=== Exercise ===
All of the data below should be printed again exactly, pictures excluded.

*** Opening of Data provided ***

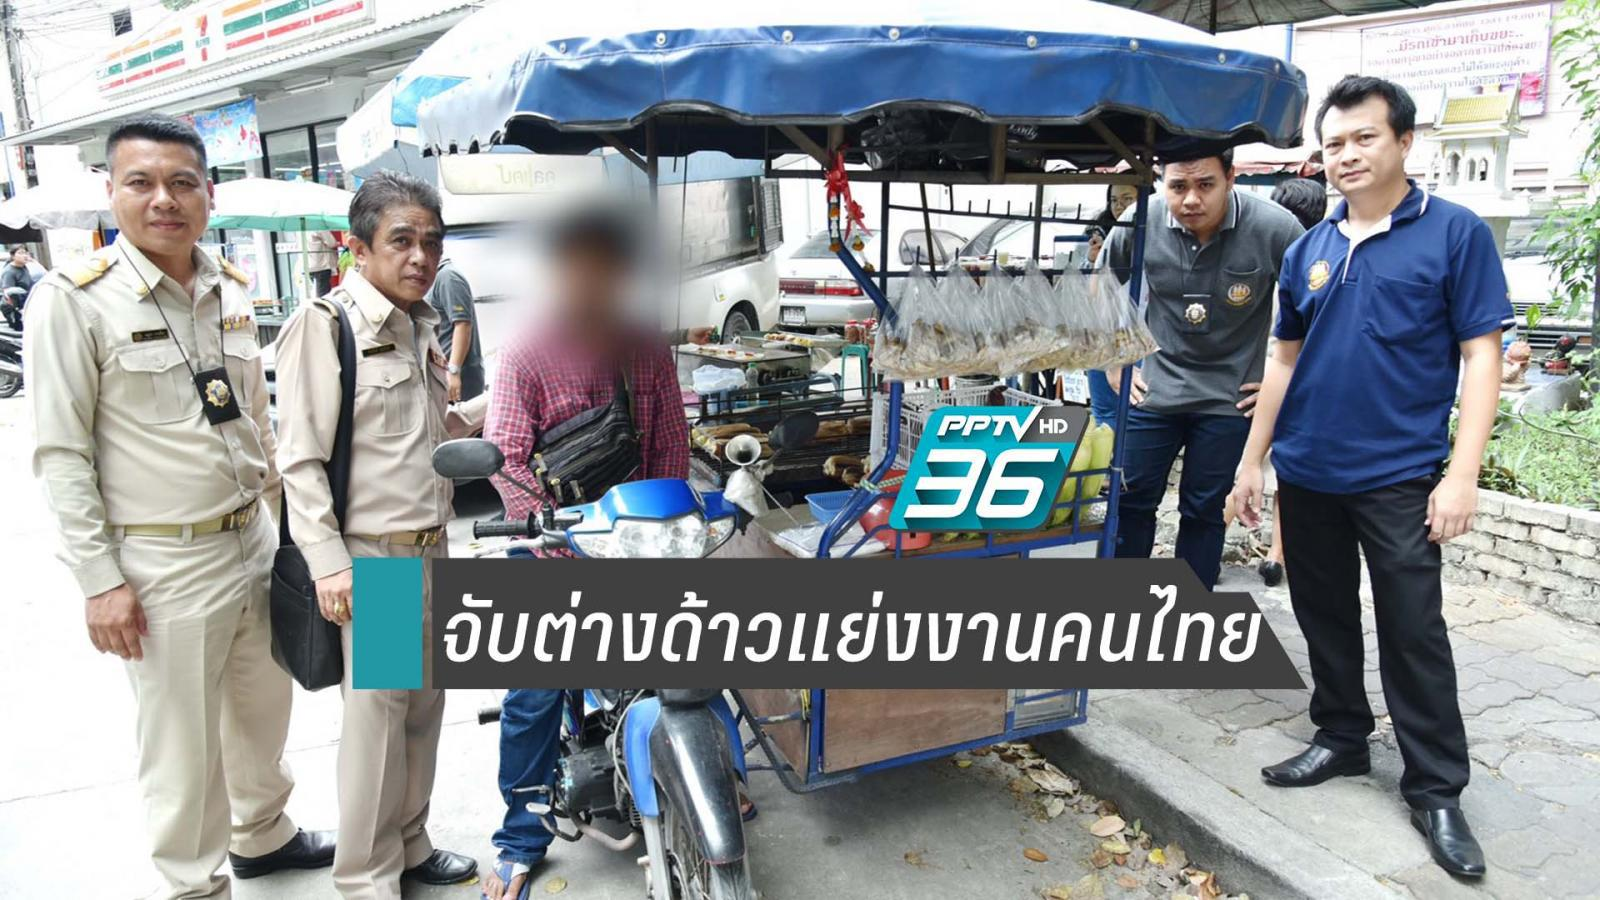 เดินหน้า! จับแรงงานต่างด้าวแย่งอาชีพคนไทย 1,763 คน
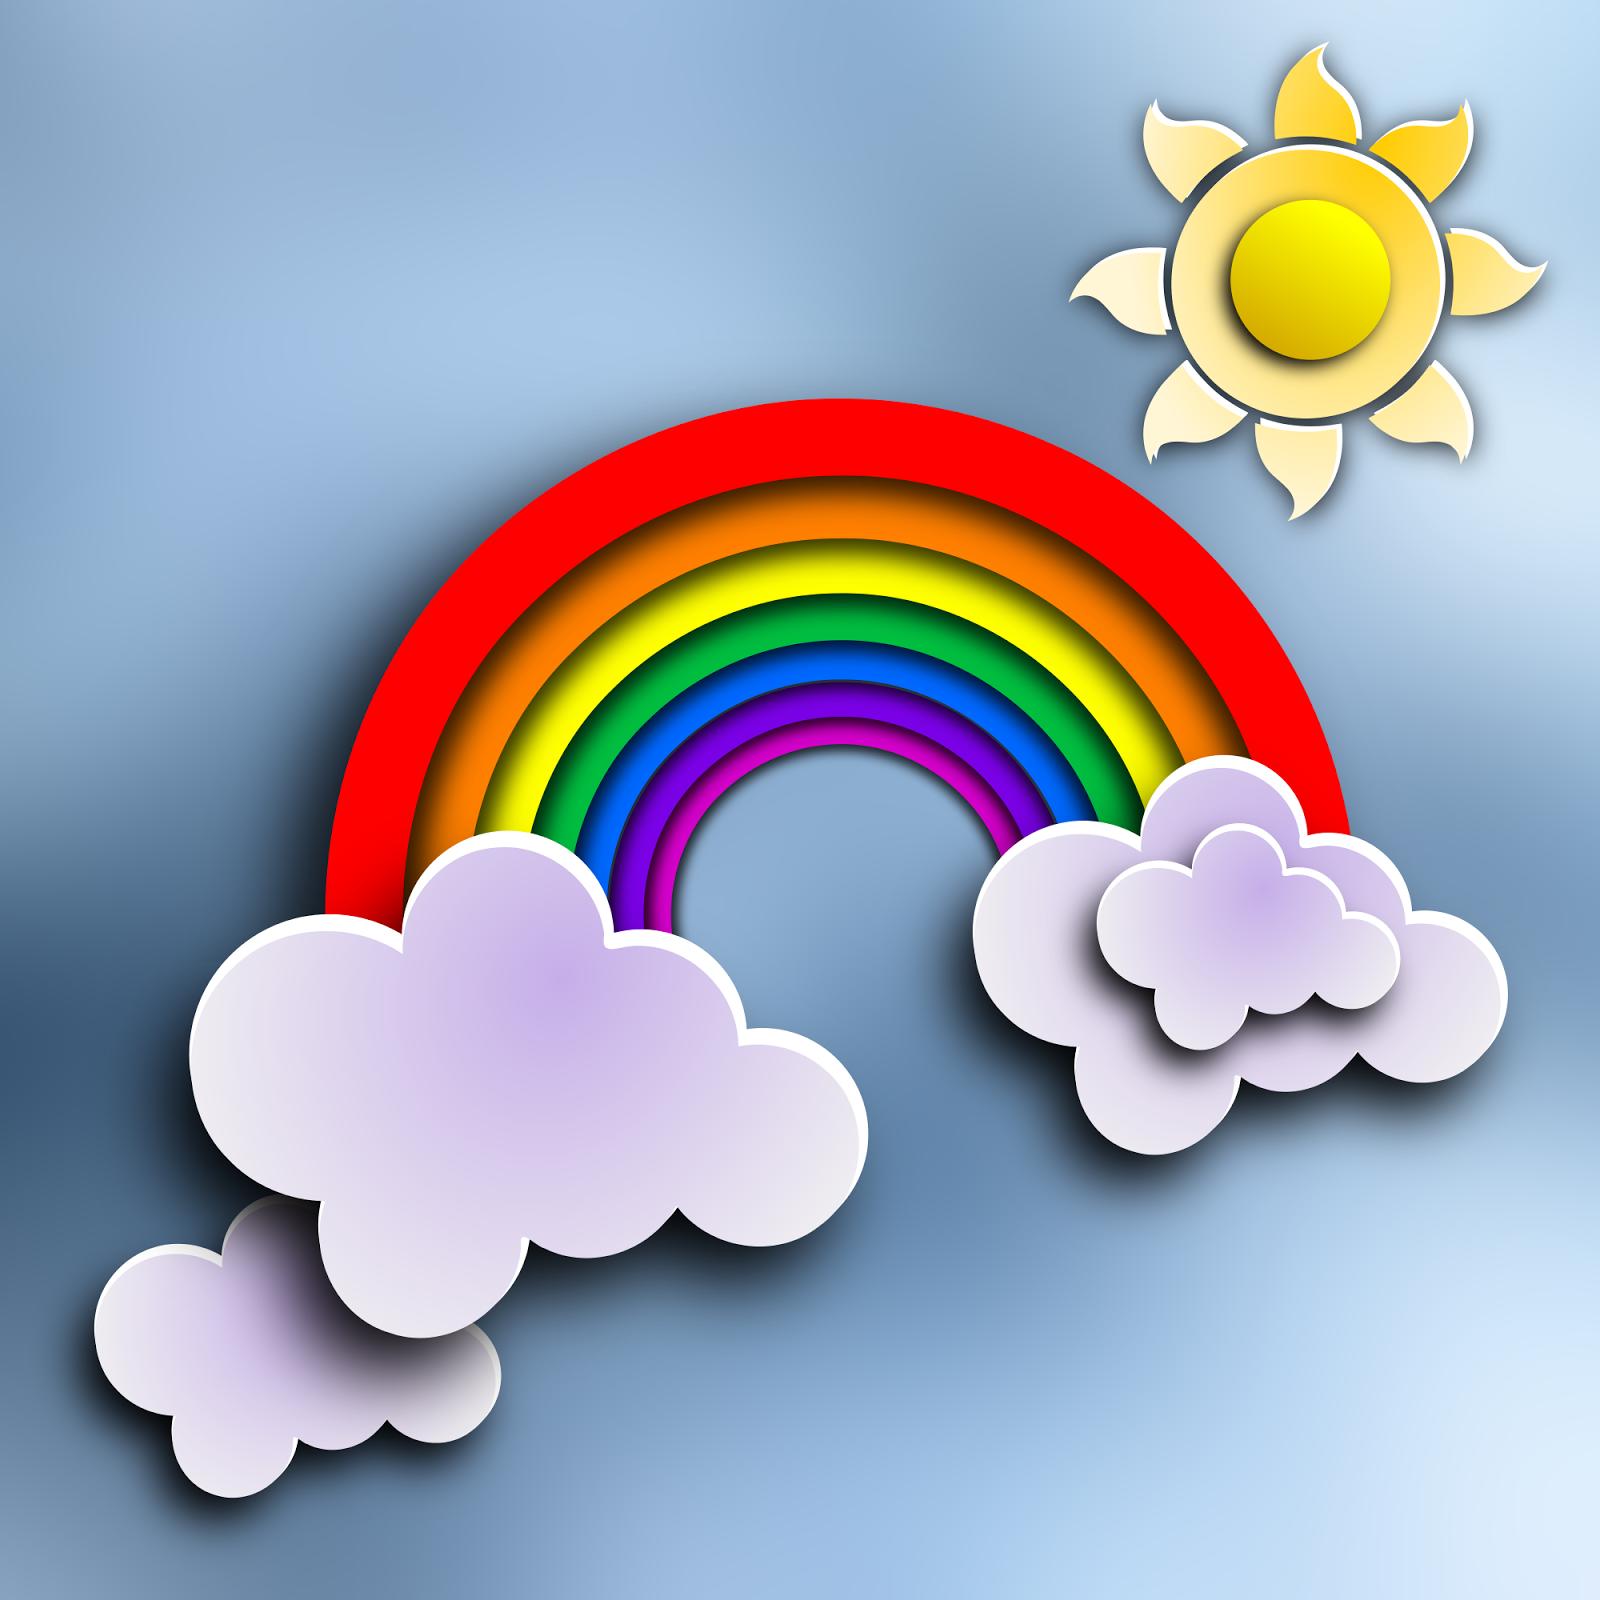 картинка тучка солнце радуга птичка функциональностью кованые мостики
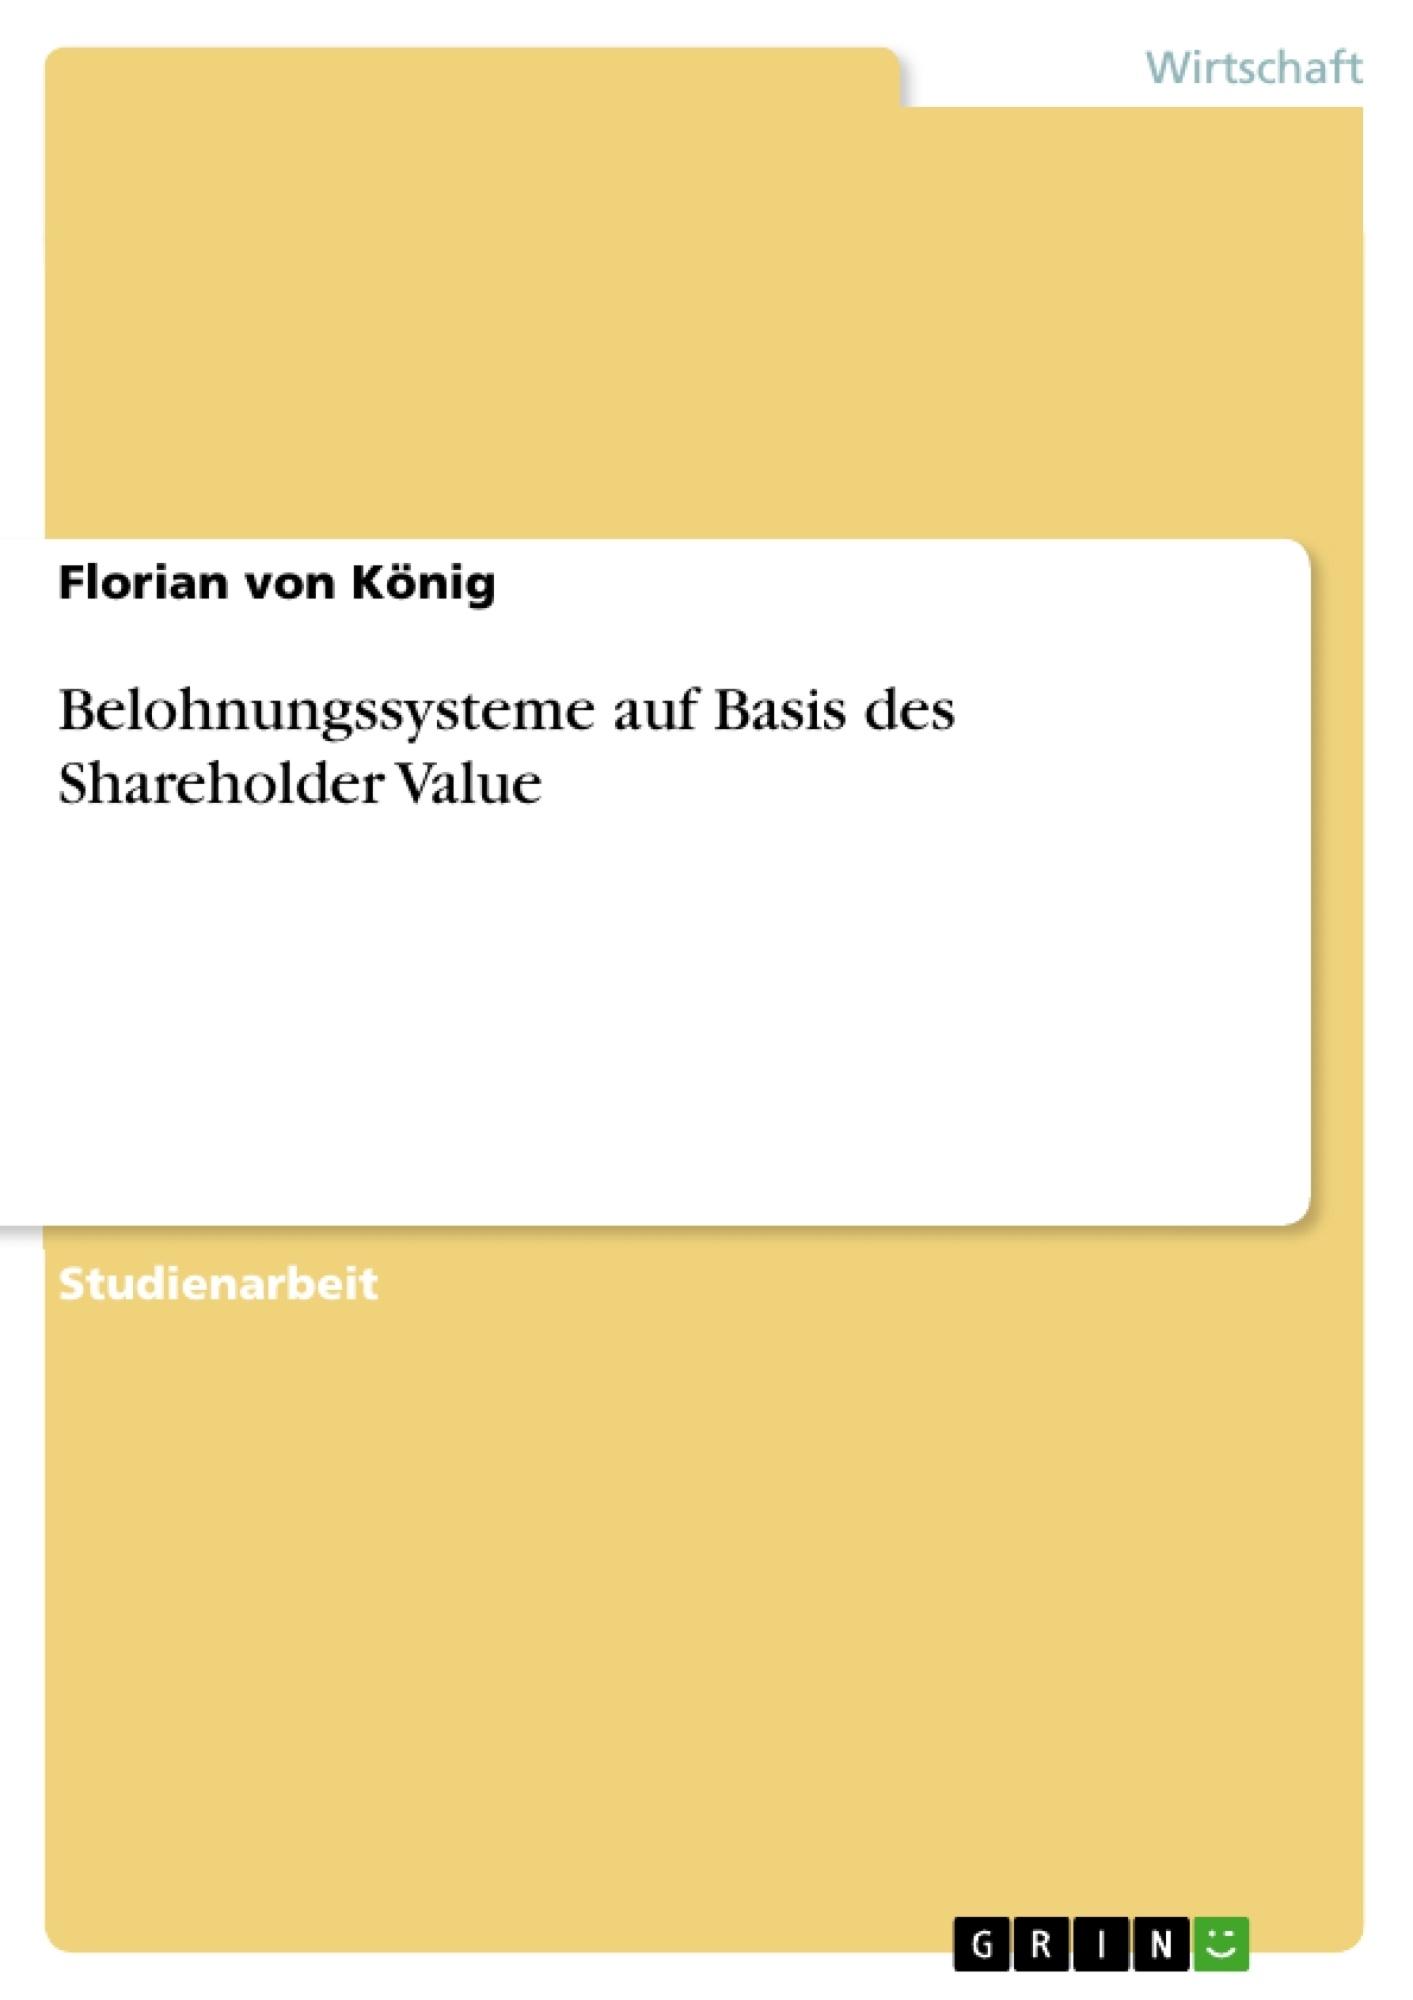 Titel: Belohnungssysteme auf Basis des Shareholder Value

*** Close of Data provided ***

=== Task output ===
 เดินหน้า! จับแรงงานต่างด้าวแย่งอาชีพคนไทย 1,763 คน
 картинка тучка солнце радуга птичка функциональностью кованые мостики
 Titel: Belohnungssysteme auf Basis des Shareholder Value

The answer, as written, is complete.